Date: January 5, 2020
Bible Text: Jeremiah 31:7-14, Ephesians 1:3-14 | Rev. David A. Douthett
What? What do you mean it's still Christmas? Yep, for a few more days it's Christmastide, until January 6. Personally, I'm really enjoying the ongoing comfort of Christ's appearing in these darkest days of winter. Any way, Christ also appears in our worship, which is what we're here to talk about. This Sunday's gospel lesson is one we've read and read and read lately, so we're going elsewhere. We'll look at the Old Testament and New Testament lessons. Both of these use very expressive and expansive language to describe God's acts of salvation and the degree to which God enjoys performing acts of salvation! Ain't that good news? Sometimes we talk like saving us was a tremendous burden for God, and it was, but these passages assure us that it was well worth it to God. That is also very comforting in these days when compassion and joy seem rare and unconnected. We'll look at God's good pleasure a little more this week, and we'll celebrate with holy communion, which seems very fitting.
Notes from the Preacher
This sermon ended up shaping a countercultural expression of the meaning of Christmas. It starts with the song, "The Twelve Days of Christmas," to show that December 25 is the beginning and not the end of Christmas. This got reinforced with thinking about decorations still being up and gifts still being enjoyed and even still being given and received.
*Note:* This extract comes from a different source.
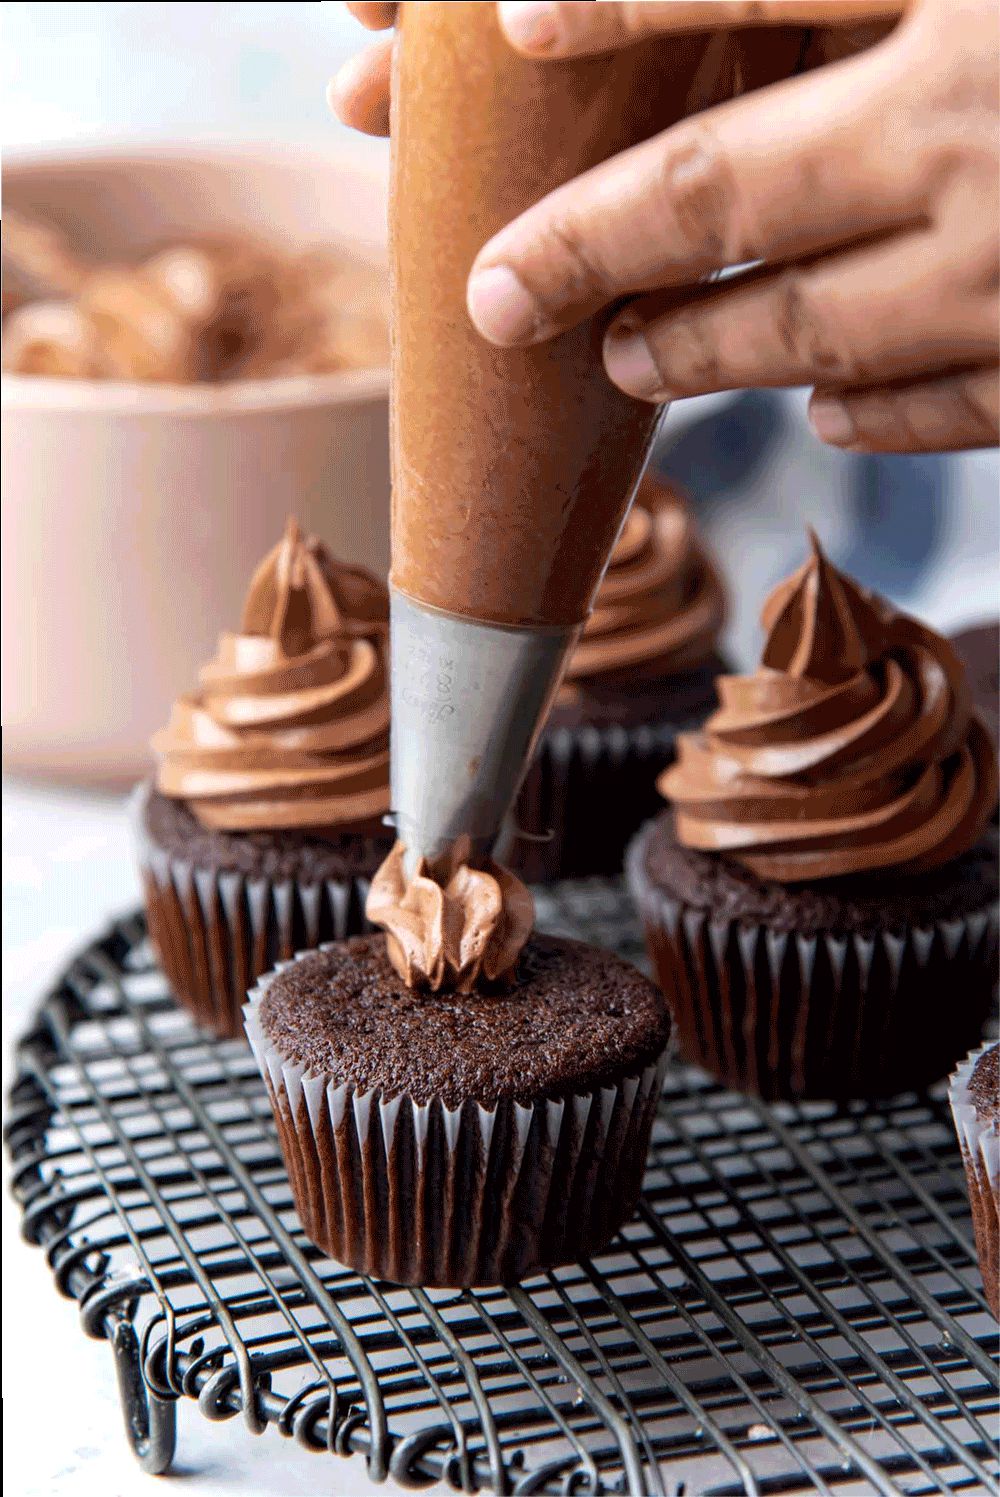 Frosting the chocolate cupcakes

The focus then rolled to the difference between celebrating the birth of a baby and celebrating the salvation of humankind that the baby came to bring about. Here we compared the situation of the people of Israel/Judah who were brought back by God from exile (the natural consequence of their focus on power, wealth, and convenience instead of holiness, righteousness, mercy, and justice) with our own, and message from Ephesians 1, that it gives God great pleasure to save us from our sin. Again, we offered a broader understanding of salvation from sin that includes the sin of the whole community and nation and not just my personal misbehavior. As promised, God's gift of holy communion was lifted up as a way for us to experience the joy God takes in our salvation, even at great cost. This hopefully will grow in us a sense of gratitude such that we will also participate in the transformation of individual and culture that has its roots in the sacrificial love of Jesus Christ. That's it in a nutshell, if I recall correctly.